━━ RECORDED INFORMATION ━━

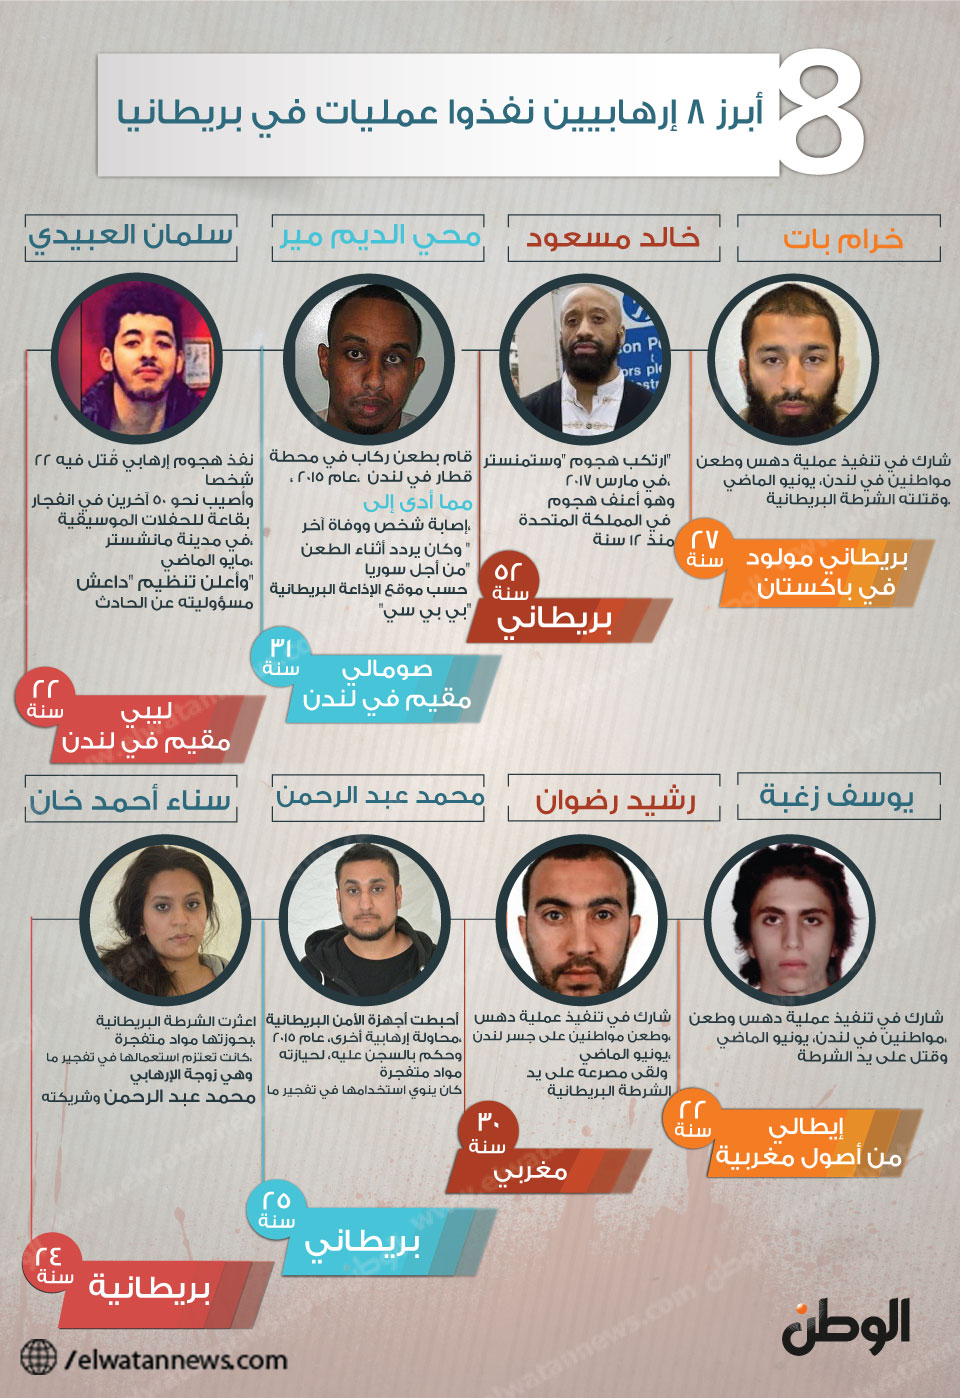 أبرز 8 إرهابيين نفذوا عمليات في بريطانيا
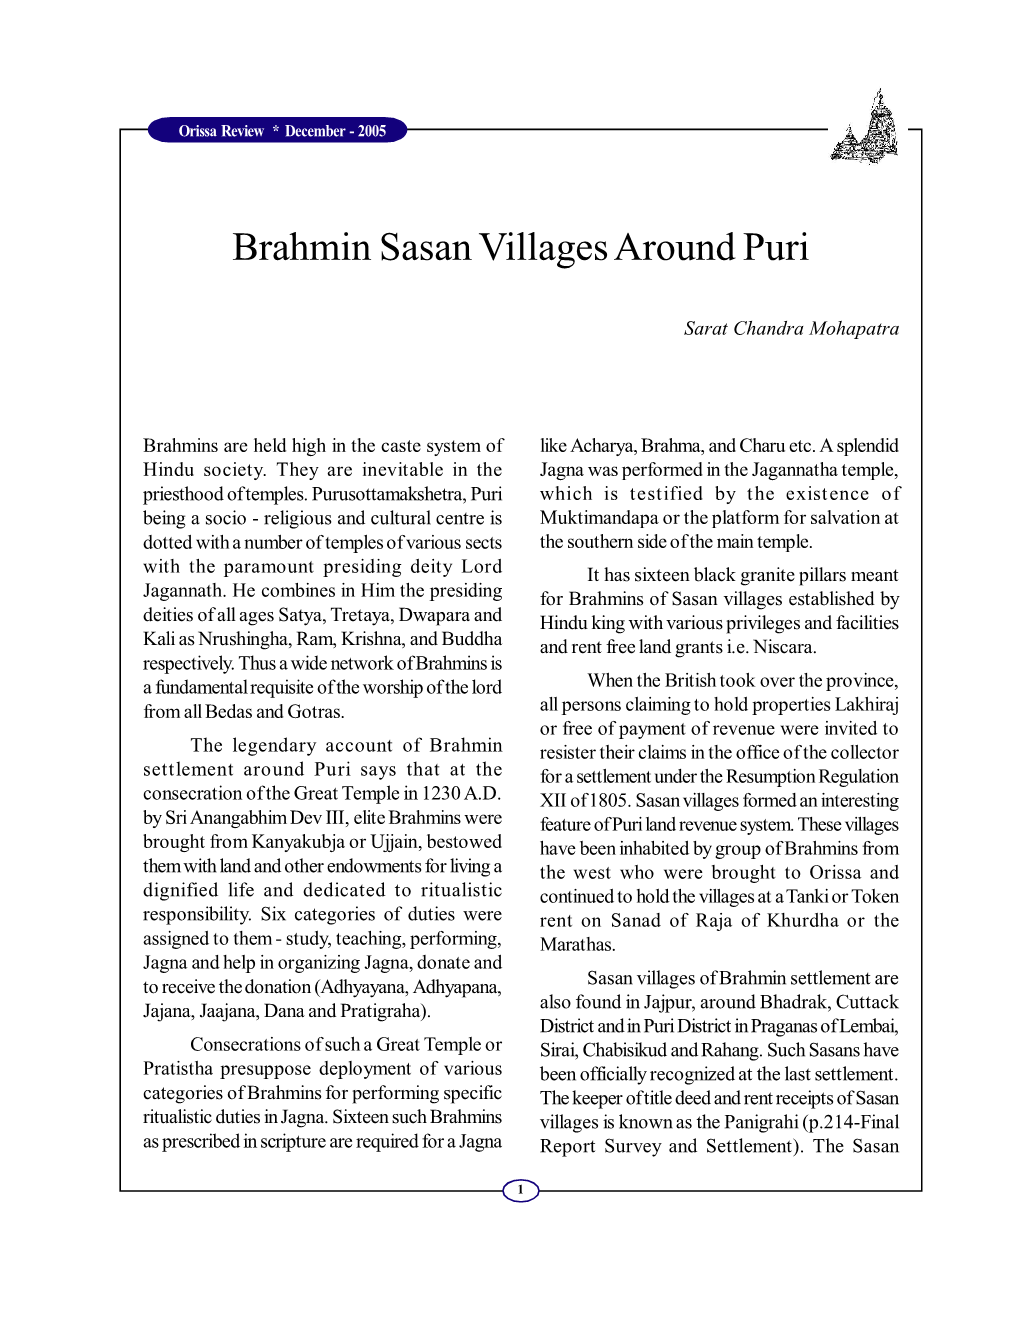 Brahmin Sasan Villages Around Puri
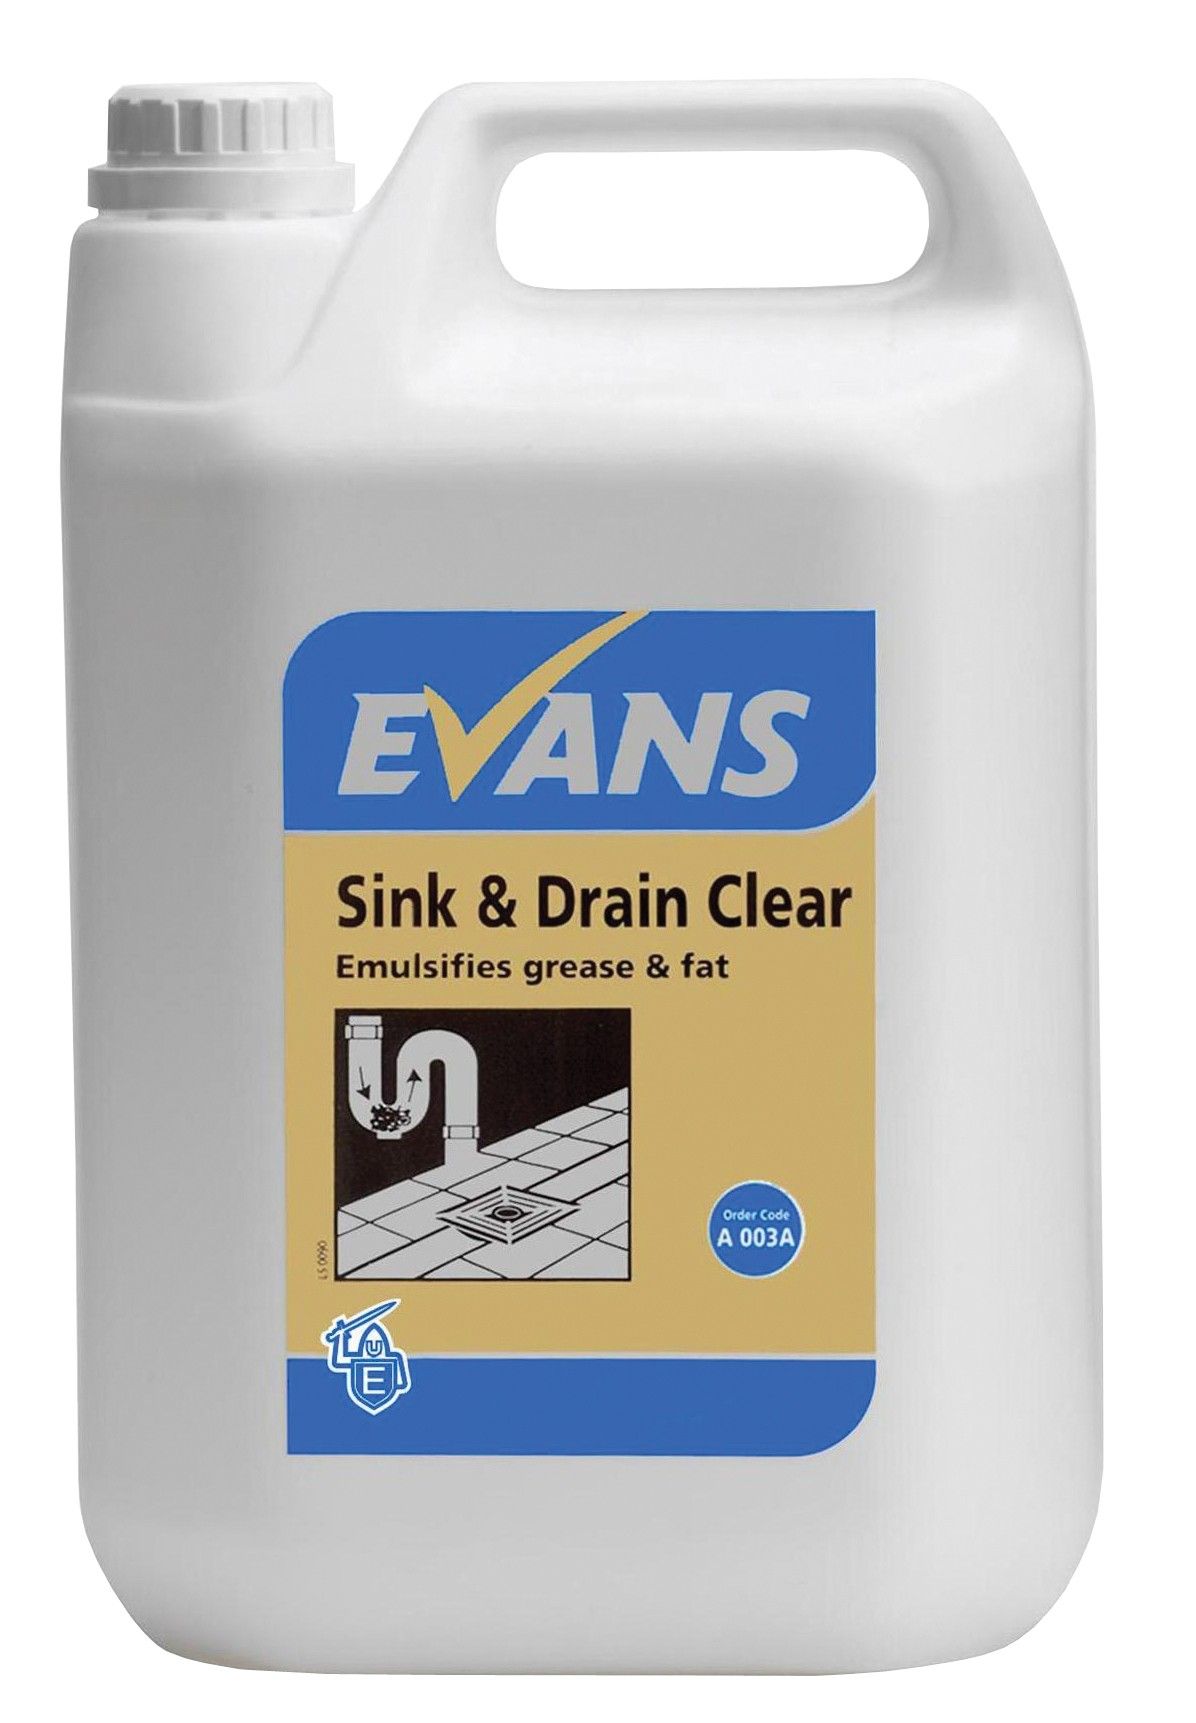 Evans Sink & Drain Clear - Grease & Fat Emulsifier 2.5 Ltr

━━━

» TRY IT
Every line of the listing should be repeated exactly; no picture should appear.

» SOLUTION
 أبرز 8 إرهابيين نفذوا عمليات في بريطانيا
 Brahmin Sasan Villages Around Puri
 Evans Sink & Drain Clear - Grease & Fat Emulsifier 2.5 Ltr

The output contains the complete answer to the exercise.